The next type of quadratic equation is the full equation. Here is a worked example:

x2 + 3x + 10 = 4 - 2x

x2 + 5x + 6 = 0 Rearrange (add 2x and take 4 from both sides)

You now have to factorise the equation. You do this by finding two numbers that add to give b (the number in bold (+ 5) and multiply to give the number in c (the number in italics (+ 6). In this case, the answer is + 2 and + 3 as 2 + 3 is 5 and 2 x 3 is 6. If it were x2 - 7x + 12, the answer would be - 3 and - 4 as - 3 - 4 = - 7 and - 3 x - 4 = 12.

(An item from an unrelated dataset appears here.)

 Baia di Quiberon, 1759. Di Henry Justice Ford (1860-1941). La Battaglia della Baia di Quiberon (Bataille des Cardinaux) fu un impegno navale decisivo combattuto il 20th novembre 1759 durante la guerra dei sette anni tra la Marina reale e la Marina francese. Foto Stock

(x + 2)(x + 3) = 0 Factorise

x + 2 = 0 or x + 3 = 0 so x = - 2 or - 3

The next type of equation is a complete equation when a is not 1. Here is an example:

6p2 - 12p - 48 = 0

For this question, you have to think a bit harder as the p-term will be greater than 1 when in the brackets so you have to think about what numbers will multiply to make a (in this case 1 x 6 and 2 x 3 = 6) and then apply it so that you can find an answer. Lets guess that you need 2p and 3p so you need to find two numbers that multiply to make c (- 48) and add when multiplied by 2 or 3 to make - 12. Lets also guess that you need - 6 and 8, - 6 x 8 = - 48 (good so far) but - 6 x 2 + 8 x 3 = 12 and it's not -12 when you change which numbers you multiply by. So lets make another guess that you need - 12 and 4. - 12 x 4 = -48 (again, good so far) and -12 x 3 + 4 x 2 = - 12 so we therefore find that:

(3p - 12)(2p + 4) = 0 Factorise

So 3p - 12 = 0 or 2p + 4 = 0 so 3p = 12 or 2p = - 4 so p = 4 or - 2

There is no mathematical process to working out the factorising part, you just have to use trial and error.

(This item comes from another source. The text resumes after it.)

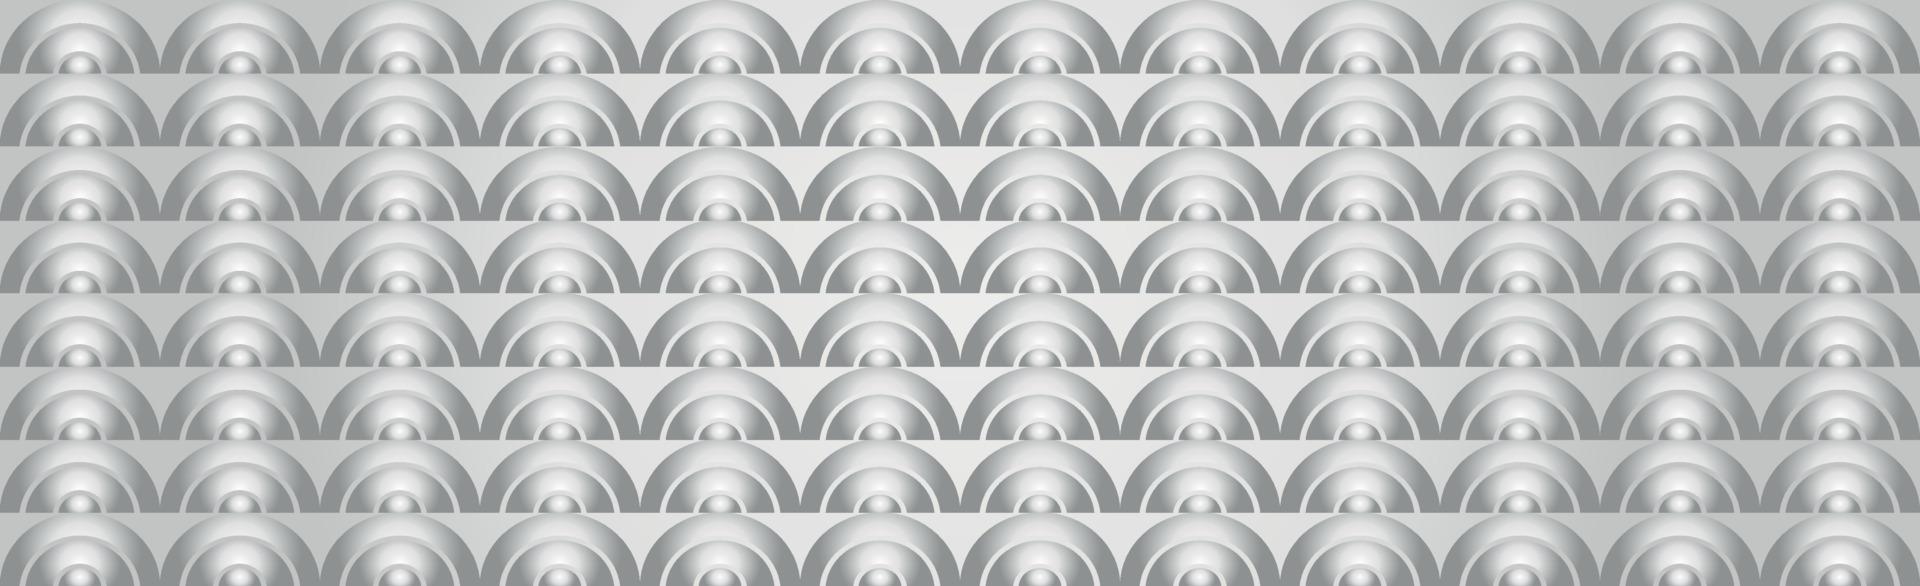 abstrait gris - rectangles volumétriques blancs - vecteur

There is however another way of solving all the quadratic equations mentioned. You can use the quadratic equation formula:

x = (- b + sprt (b2 - 4ac)) / 2a or (- b - sqrt (b2 - 4ac)) / 2a

If you are not used to shorthand, sqrt means square root. Notice the subtle difference between the two, adding or subtracting the sqrt.

Here is an example:

2p2 - 6p + 4 = 0

So a = 2, b = - 6 and c = 4

p = (- (- 6) + sqrt ((- 6)2 - 4 x 2 x 4)) / 2 x 2 or (- (- 6) - sqrt ((- 6)2 - 4 x 2 x 4)) / 2 x 2

p = (6 + sqrt (36 - 32)) / 4 or (6 - sqrt (36 - 32)) / 4

p = (6 + sqrt (4)) / 4 or (6 - sqrt (4)) / 4

p = (6 + 2) / 4 or (6 - 2) / 4

p = 8 / 4 or 4 / 4 so p = 2 or 1

This may look harder but is much quicker, easier and guaranteed to give you an answer but the other methord is longer, harder and may not always give an answer (e.g. if the answer is 78 / 13 or - 178 / 101).

The final type that I will cover is simultaneous equations. One is linear and the other quadratic. The two answers are the points on a graph where the lines will cross.

(1) y = x + 2

(2) y = x2 + 6x + 8

Knowing this infomation, substitute x + 2 into y = x2 + 6x + 8.

x + 2 = x2 + 6x + 8 Substitute

x2 + 5x + 6 = 0 Rearrange

(x + 2)(x + 3) Factorise

x = - 2 or - 3 Work out x

Now that you know x, it's just a simple matter of shoving it into the linear equation and doing a nice little bit of simple maths!

y = - 2 + 2 or - 3 + 2

y = 0 or - 1

So x = - 2, y = 0 or when x = - 3, y = - 1

And that is where the maths will end. This is all of quadratics. I haven't shown you quadratic graphs but they're quite simple, you just have to plot every point you can so if told to plot a quadratic graph where x is between - 3 and 3, plot - 3, - 2, - 1, 0, 1, 2 and 3. The point where it crosses the x-axis is the answer! I hope this has been helpful to you. Have fun doing some maths!